Graduation Year

2009

Document Type

Thesis

Degree

M.Arch.

Degree Granting Department

Architecture and Community Design

Major Professor

Vikas Mehta, Ph.D.

Keywords

Landscape Urbanism, Architecture, Public Space, Detroit, Ecology

Abstract

Worldwide, dense urban spaces have been organized and transformed by cultural values. However, in many cases, changes in economic and social conditions have resulted in fragmentation of neighborhood typologies, in terms of their physical characteristics and uses. Such spaces are a manifestation of development, expansion, dislocation and marginalization; a condition that can be improved through an architectural and urban strategy which inscribes emerging forces into the neglected zones of marginal territories.
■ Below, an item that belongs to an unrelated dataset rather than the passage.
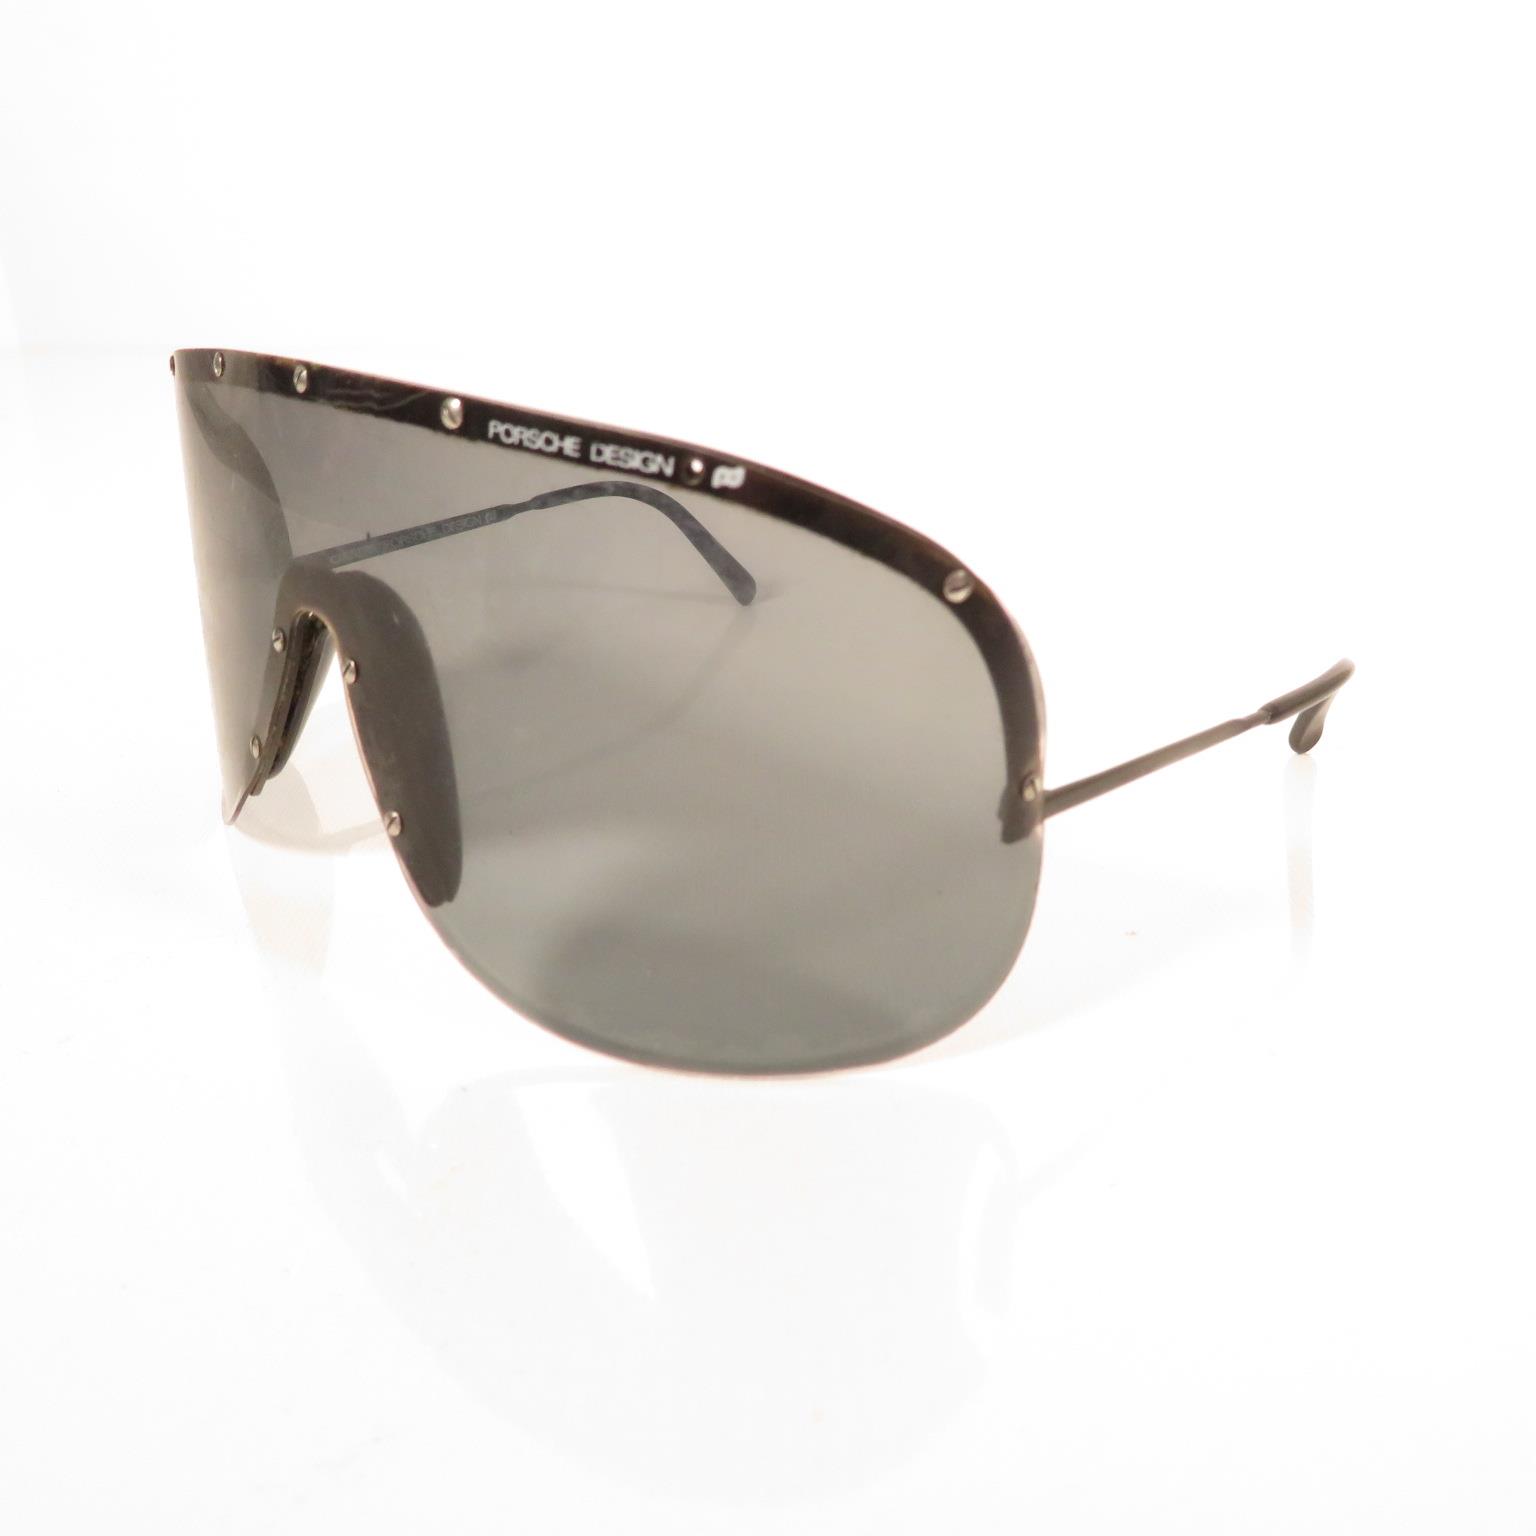 Pair of Porsche Folding Sunglasses, Per Sol folding Sunglasses, Oakley sunglasses and Porsche design - Bild 12 aus 17

The contemporary context calls for a re-evaluation of public space. To fully engage the people, it is a necessary function of public space to blur landscape, architecture and infrastructure, as these three elements are rarely used in isolation. Public space can no longer be conceived as layers of these components of the built environment superimposed, but rather as an integrated network.

As an investigation of the environmental potential of existing urban areas, this thesis attempts to use an integrated network approach to create a local, social and cultural identity in a Detroit neighborhood. By focusing on the important role the public realm plays within the urban landscape, the project creates a dialogue between the natural and built components of the urban realm by taking advantage of the potential of existing infrastructure, social factors and context. The main focus of this thesis creates a design strategy that gives character and identity to an area of the city that has been fragmented as a result of recent changes in economic and social factors. The project achieves this by weaving nature into the urban fabric.

The research in this thesis culminates in a project which identifies a marginal area in Detroit and suggests alternative uses for the surrounding spaces, giving emphasis to the natural component of the urban landscape as a tool to critique the re-appropriation of spaces that outlived their original vitality. The concepts and findings from this thesis could be applied in any city towards the ecological reconditioning of marginal areas.